En France, la moyenne de porcs par exploitation est d’environ deux cents truies, chez les pays voisins, celle-ci s’évalue à trois fois plus. «Notre taille d’élevage devient un point faible», prévient ainsi Philippe Levannier, responsable Installation et restructuration chez Triskalia. Un décalage dans la production qui se retrouve à toutes les étapes de la chaîne. Les abattoirs français exécutent près d’1,9 million de têtes par an contre plus de 3 millions (voire bien audelà) aux Pays-Bas, en Allemagne ou au Danemark. L’Espagne, de son côté, à l’instar des Etats-Unis, s’apprête à encore augmenter ses capacités de l’ordre de + 6 millions de porcs à abattre par an.

 

Un modèle familial en difficulté

Par ailleurs, la modernisation des élevages français reste un défi lorsque l’on sait que l’âge moyen des porcheries est de vingt ans. L’Institut du porc chiffre entre 2 et 3 milliards d’euros les besoins financiers pour rénover le parc de l’élevage français.

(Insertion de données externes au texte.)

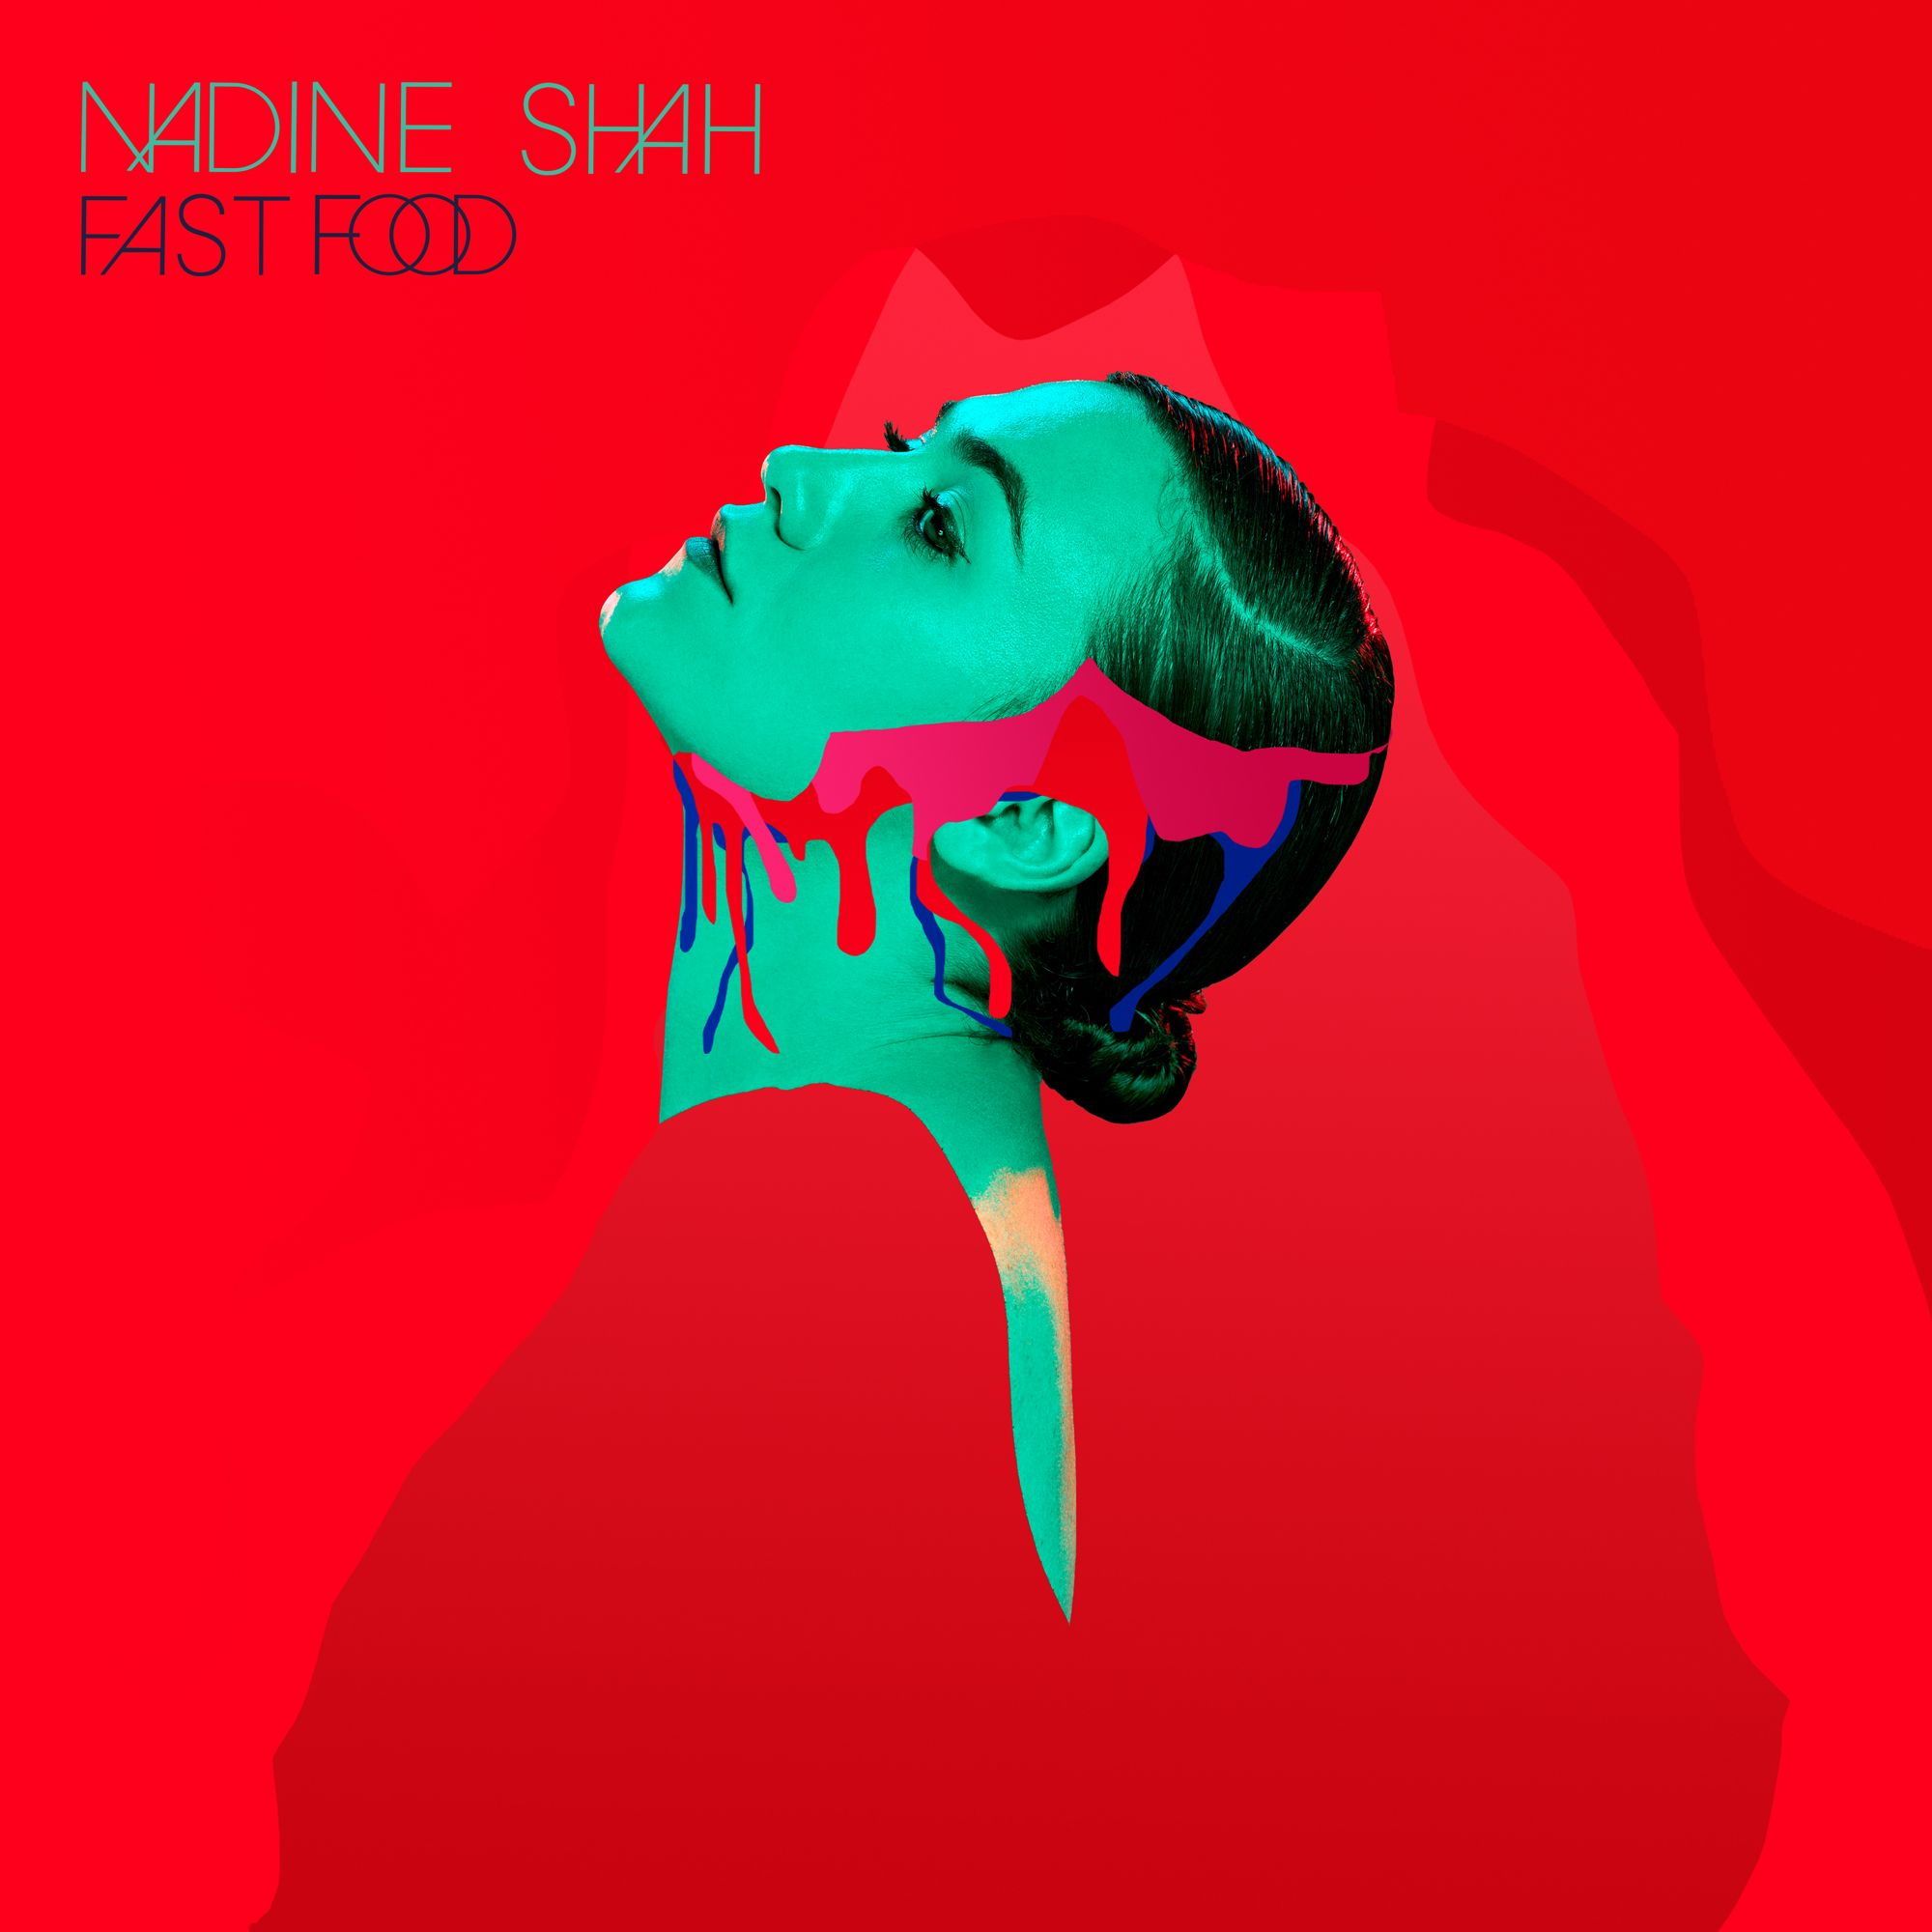 Nadine Shah - Fast Food album cover

«Pour un élevage neuf de 350 TNE (truienaisseur-engraisseur) de capacité, on tourne autour de 2 à 3 millions d’euros », précise Christine Roguet. «Le modèle familial a du plomb dans l’aile», déclare, l’air désabusé, Paul Auffray. Selon lui, la concentration des élevages et des capitaux est une réalité qu’il faut prendre en compte, dans un contexte où le renouvellement des générations pose grandement question.

 

Un éleveur sur deux va partir

Quid du renouvellement des générations? «La pyramide des âges des éleveurs français devient inquiétante», constate Paul Auffray. La perspective affiche une situation des plus inouïes : un éleveur sur deux va céder son exploitation dans les dix ans à venir. «Aujourd’hui, on n’a pas les gens pour les remplacer», insiste le représentant des producteurs porcins.

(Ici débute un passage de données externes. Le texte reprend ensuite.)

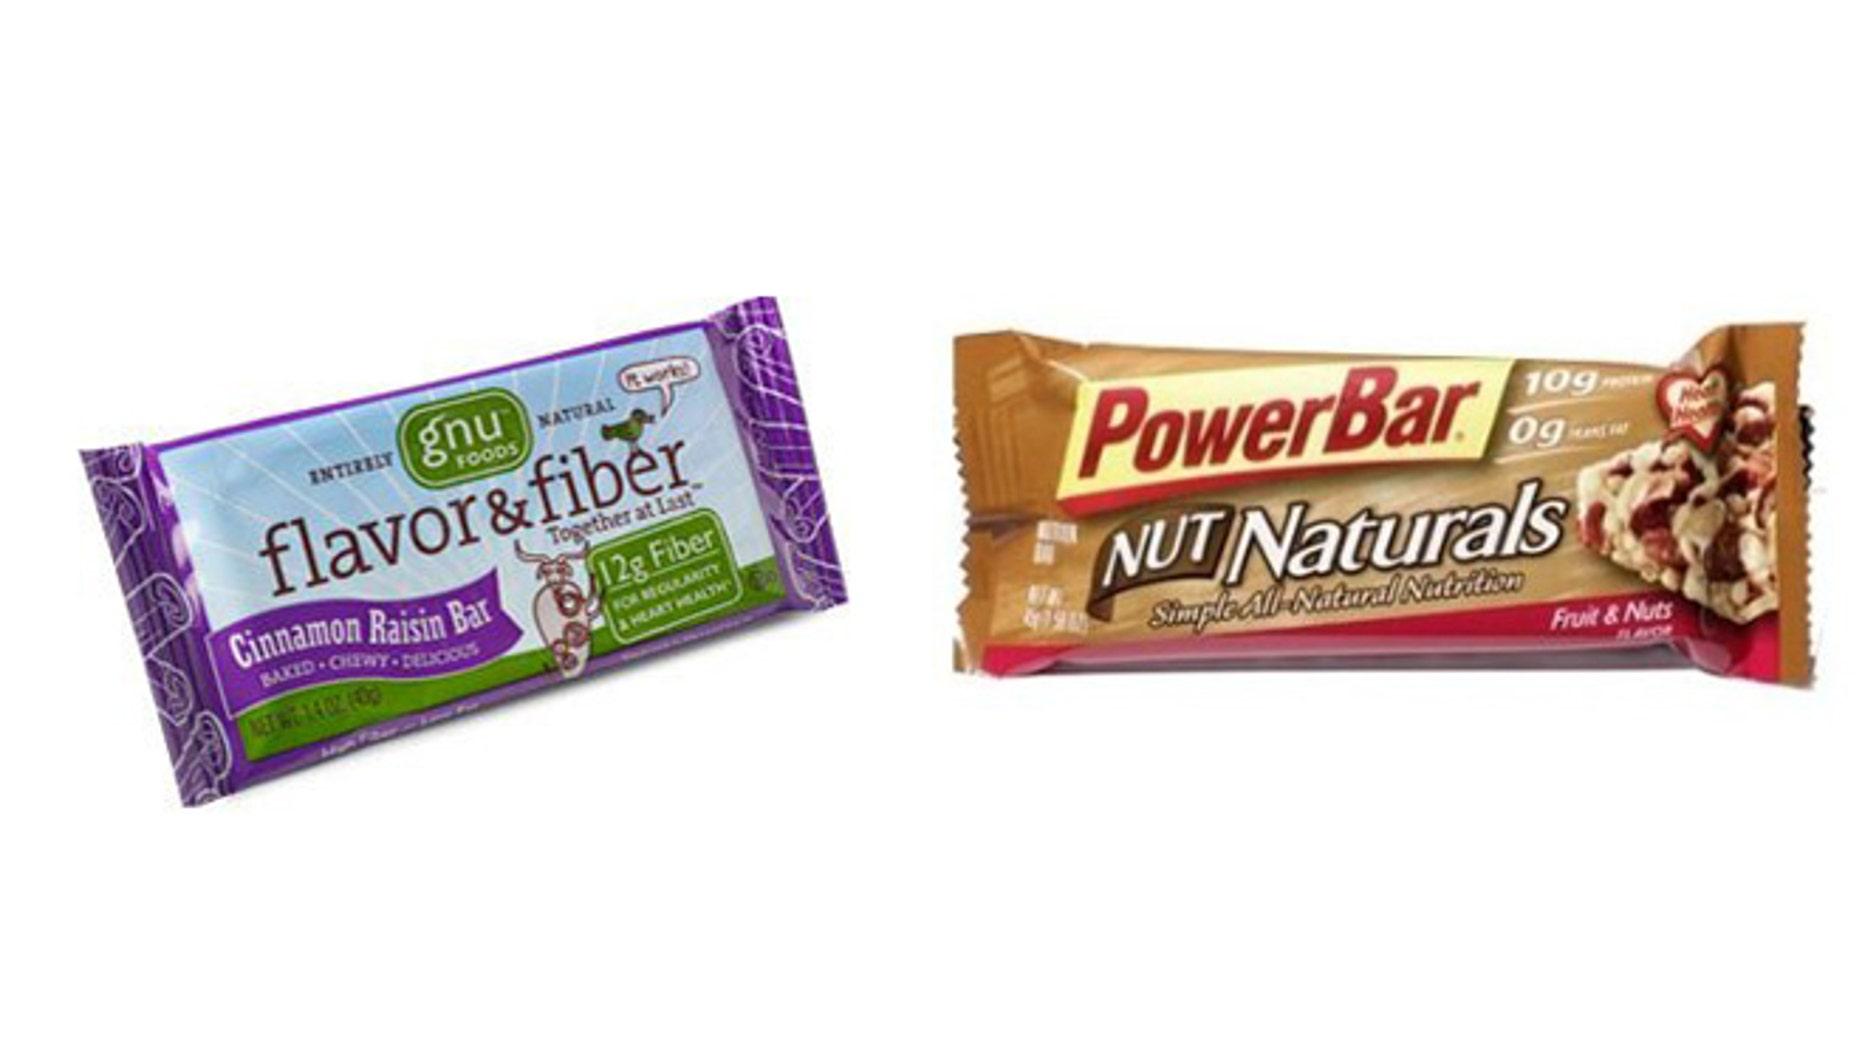 Gnu Foods Flavor & Fiber Cinnamon Raisin and Powerbar Nut Naturals Fruit & Nuts

Dans les lycées agricoles, la plupart des jeunes ne s’orienteraient pas vers les filières de production et encore moins dans le secteur porcin. Un élevage compris entre 150 et 400 truies s’évalue dans la fourchette 500.000 à 1 million d’euros, sans considérer le foncier.

Dans le cas particulier de la région des Côtes d’Armor, «à 300 à 500 euros le coût pour une truie en période de crise, une exploitation de 300 truies, c’est 150.000 à 200.000 euros d’apports minimum», explique Jérôme Guiard, directeur Marchés et Offres au Crédit agricole des Côtes d’Armor. Le constat est donc là.

A titre indicatif, en Bretagne, région qui compose pour les trois quarts de la production, les derniers chiffres publiés par la MSA affichent un nombre de 32 installations en 2015 (28 en 2014 et 38 en 2013). Une véritable politique de formation des jeunes devrait, selon Paul Auffray, être mise en place. En parallèle, de nouvelles formes de financements, via la BPI (Banque publique d’investissement) ou des fonds de garantie, devraient être proposées. Le risque serait de voir apparaître des modes «d’intégrations par les firmes», avertit le représentant de la FNP, comme aux Pays-Bas ou en Espagne, des organisations où le producteur est réduit à un simple rôle d’exécutant.